In general the probability for selecting $x$ pairs $(x\in \{0,1,2,3,4\})$ is$$\dfrac{\dbinom{10}{x}\dbinom{10-x}{8-2x}2^{8-2x}}{\dbinom{20}8}\quad\text{or}\quad\dfrac{\dbinom{10}{8-x}\dbinom{8-x}{x}2^{8-2x}}{\dbinom{20}8} $$

The series sums to 1 as required.


Thus the probability for selecting no pairs is $\binom{10}{8}2^8/\binom{20}{8}$, which is equal to your answer.

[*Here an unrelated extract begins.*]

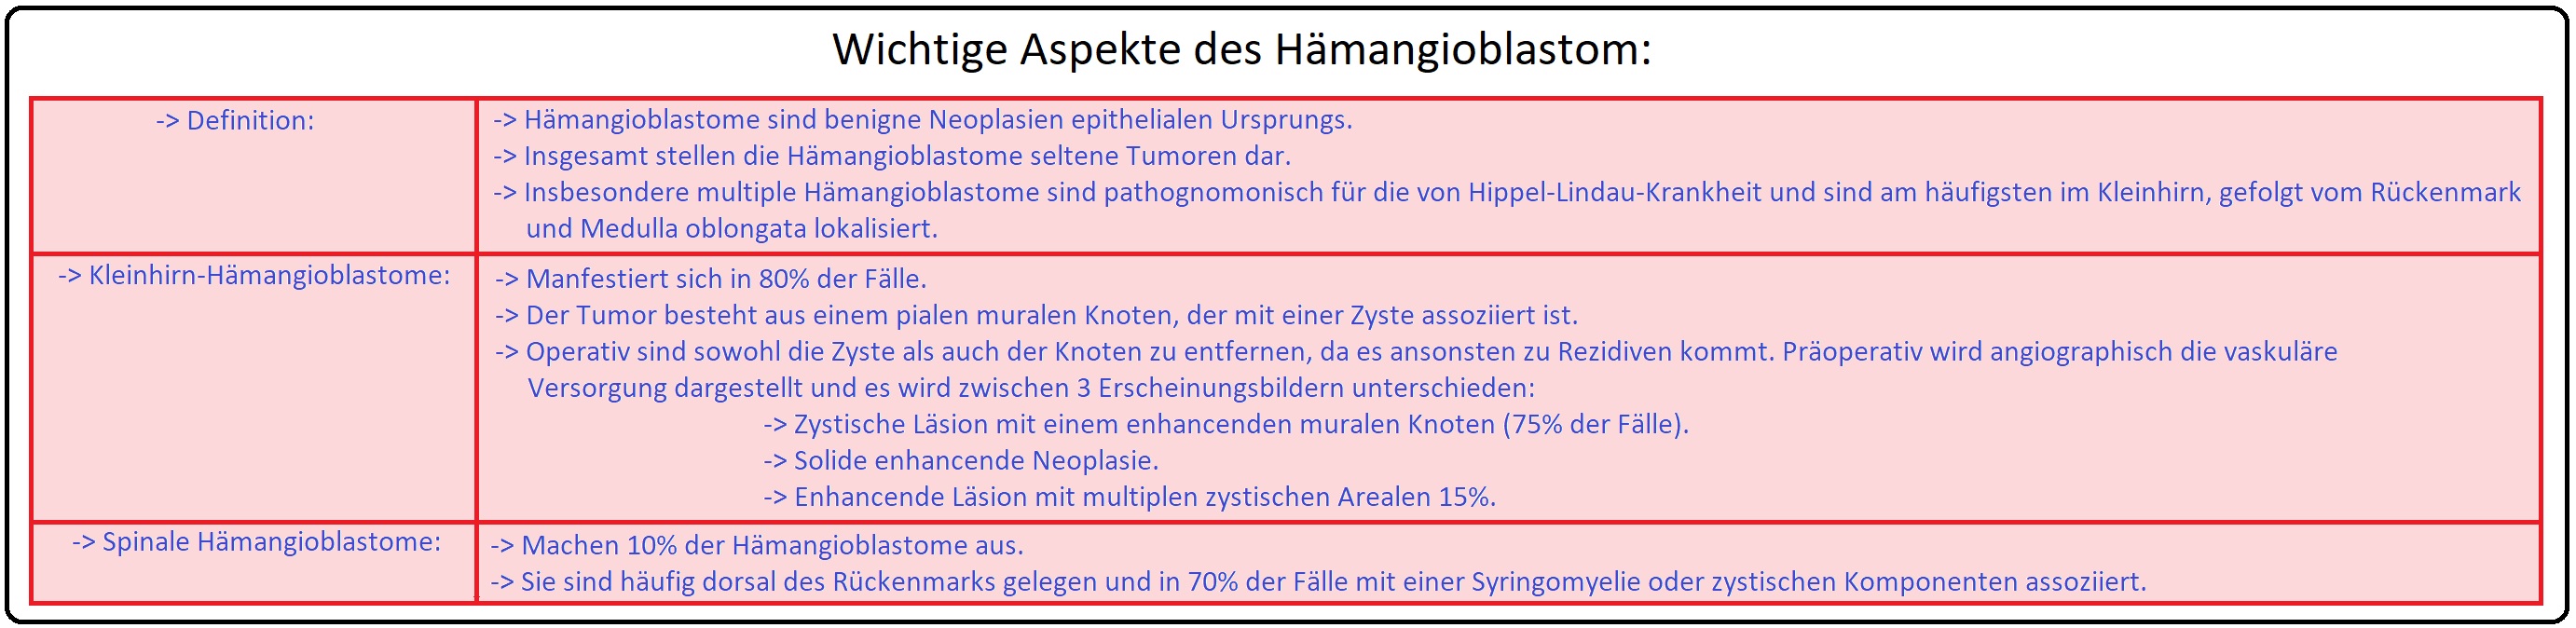 082 Wichtige Aspekte des Hämangioblastom

And the correct probability for selecting exactly one pair is $\binom {10}{1}\binom{10-1}{8-2}2^{8-2}/\binom{20}{8}$.   Alternatively that is $\binom{10}{8-1}\binom{8-1}12^{8-2}/\binom{20}8$.


By your method you can select six from the 10 pairs, one shoe from each of those, and both shoes of one from the remaining pair.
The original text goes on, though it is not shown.